In the entries below, begin at the line that has "Toowoomba Holiday Rentals", stop after the line that has "Quality Pick Ups At Midwest Diesel Trucks", and output those lines exactly with no pictures.

#### [Entries supplied]
[Start of section]

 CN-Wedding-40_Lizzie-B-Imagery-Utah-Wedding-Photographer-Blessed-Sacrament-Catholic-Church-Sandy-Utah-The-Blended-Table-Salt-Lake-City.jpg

[End of section]
[Start of section]

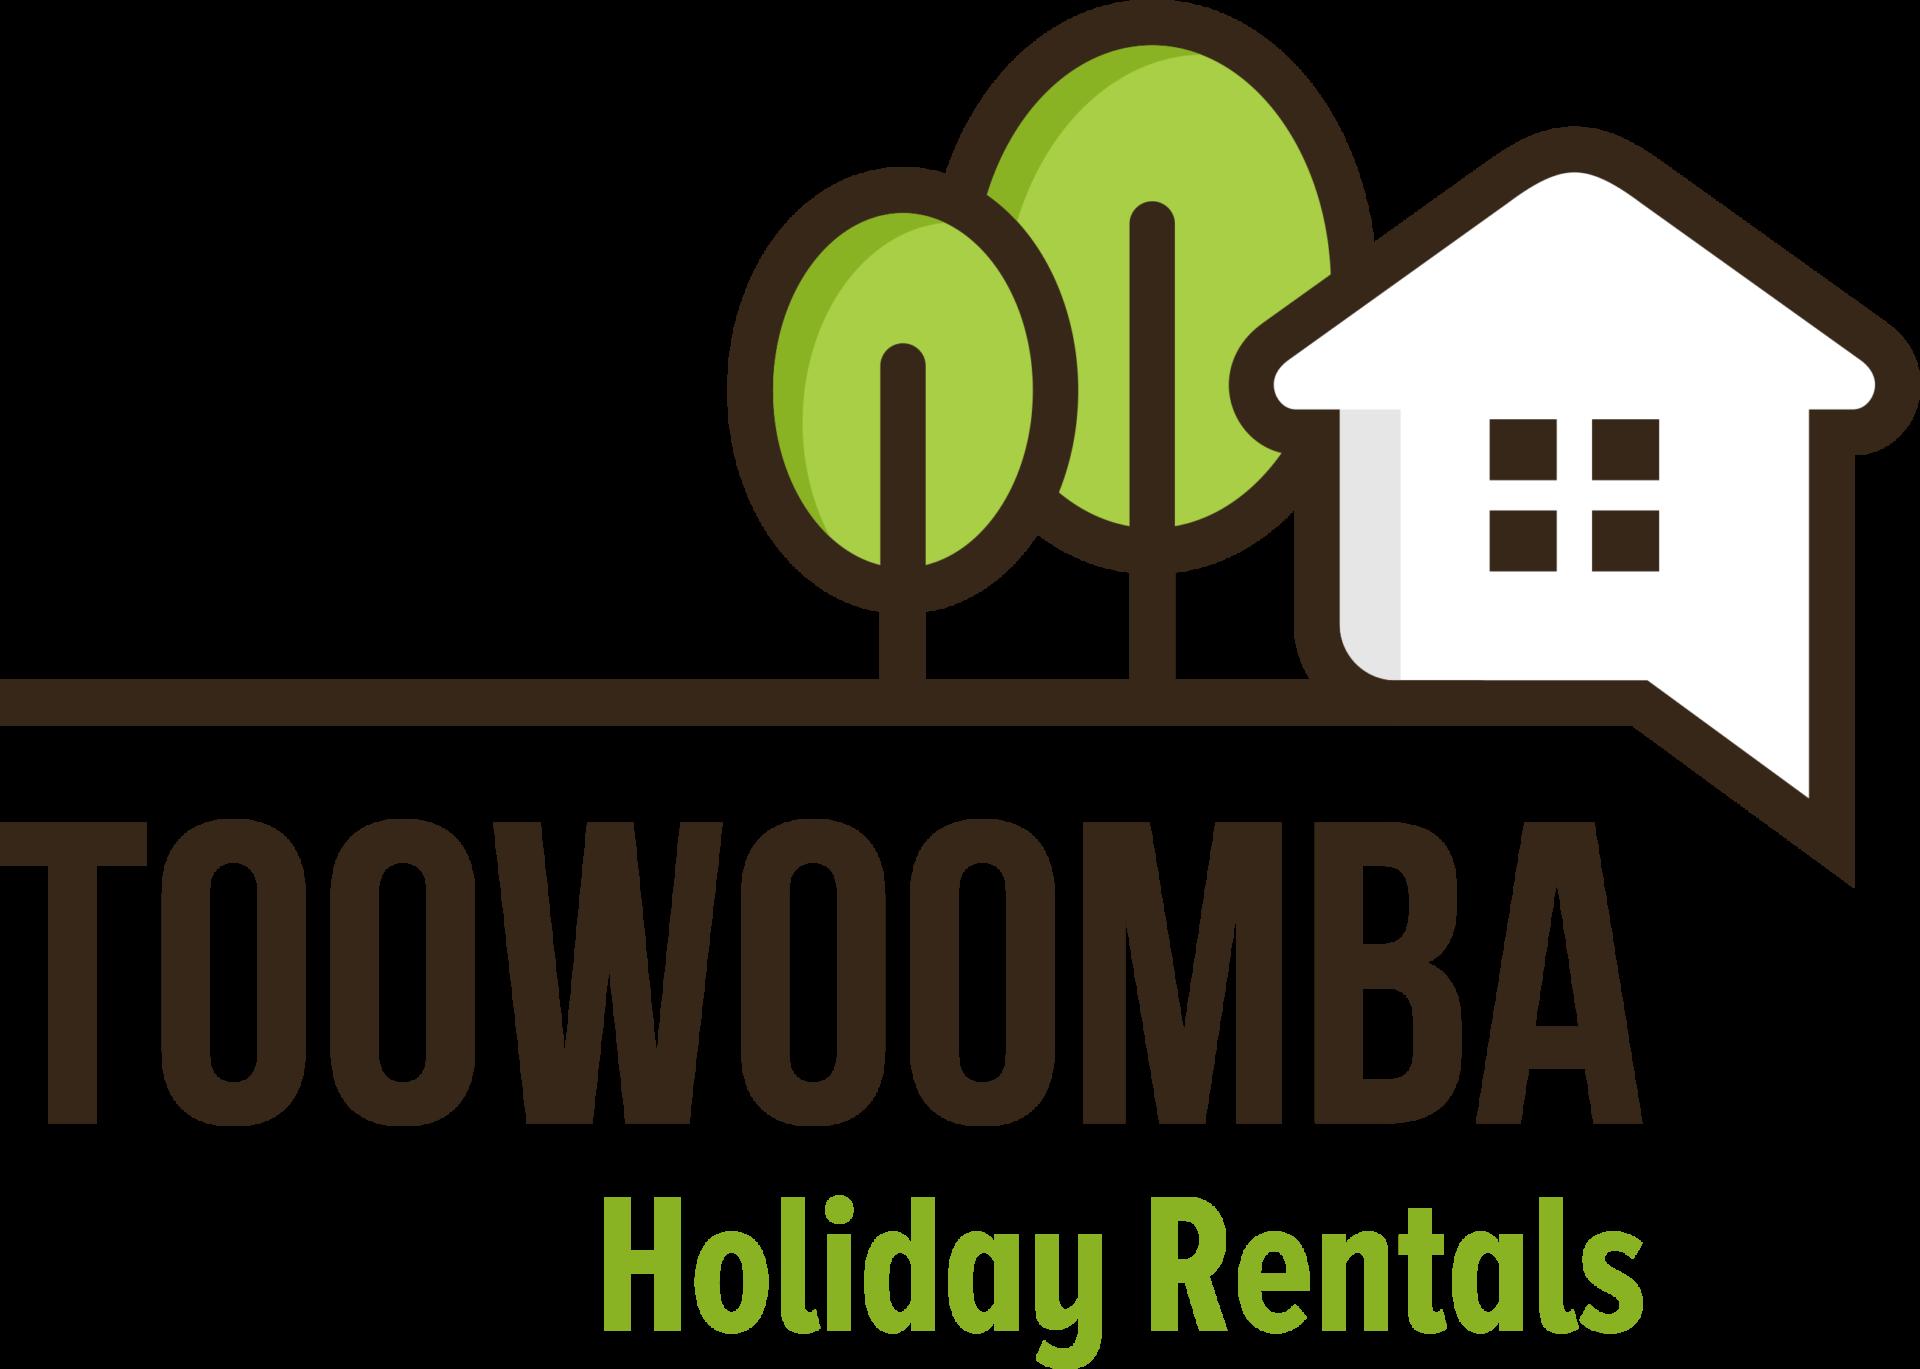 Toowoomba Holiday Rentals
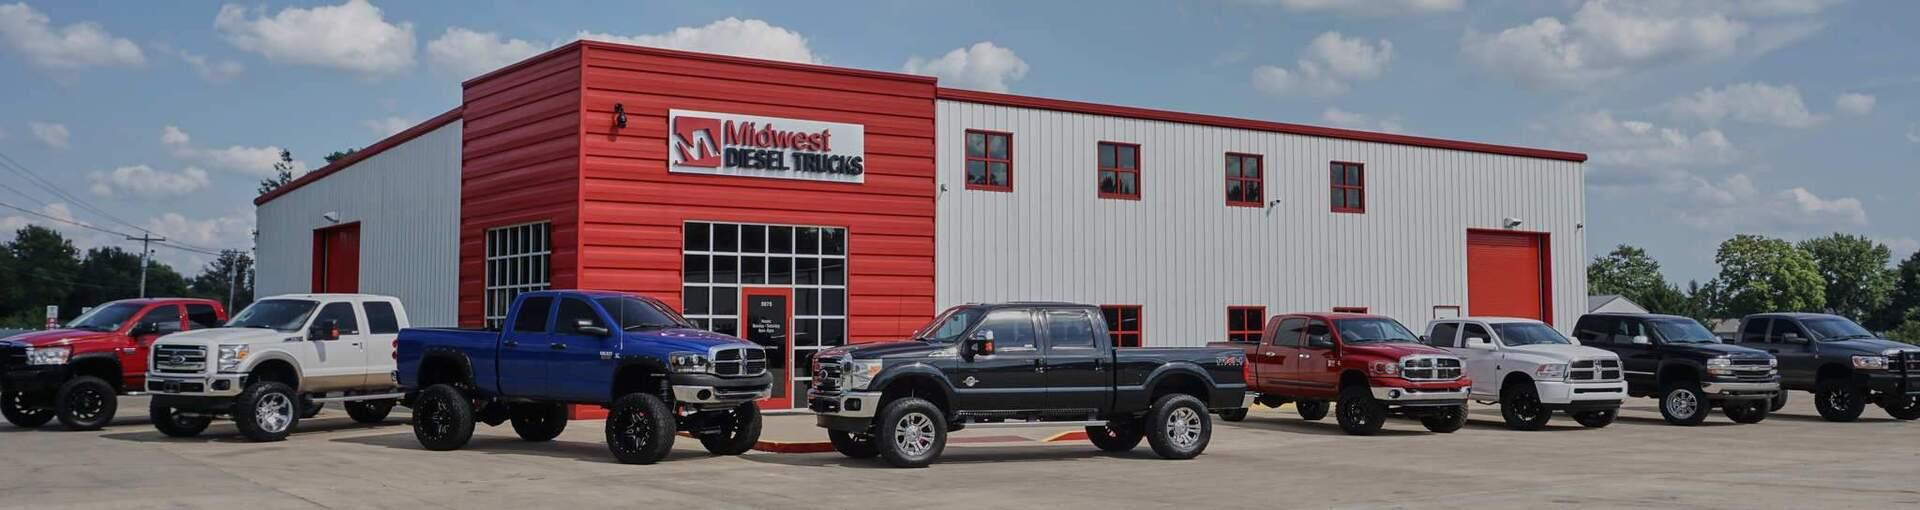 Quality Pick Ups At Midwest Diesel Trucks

[End of section]

#### [Your response]
 Toowoomba Holiday Rentals
 Quality Pick Ups At Midwest Diesel Trucks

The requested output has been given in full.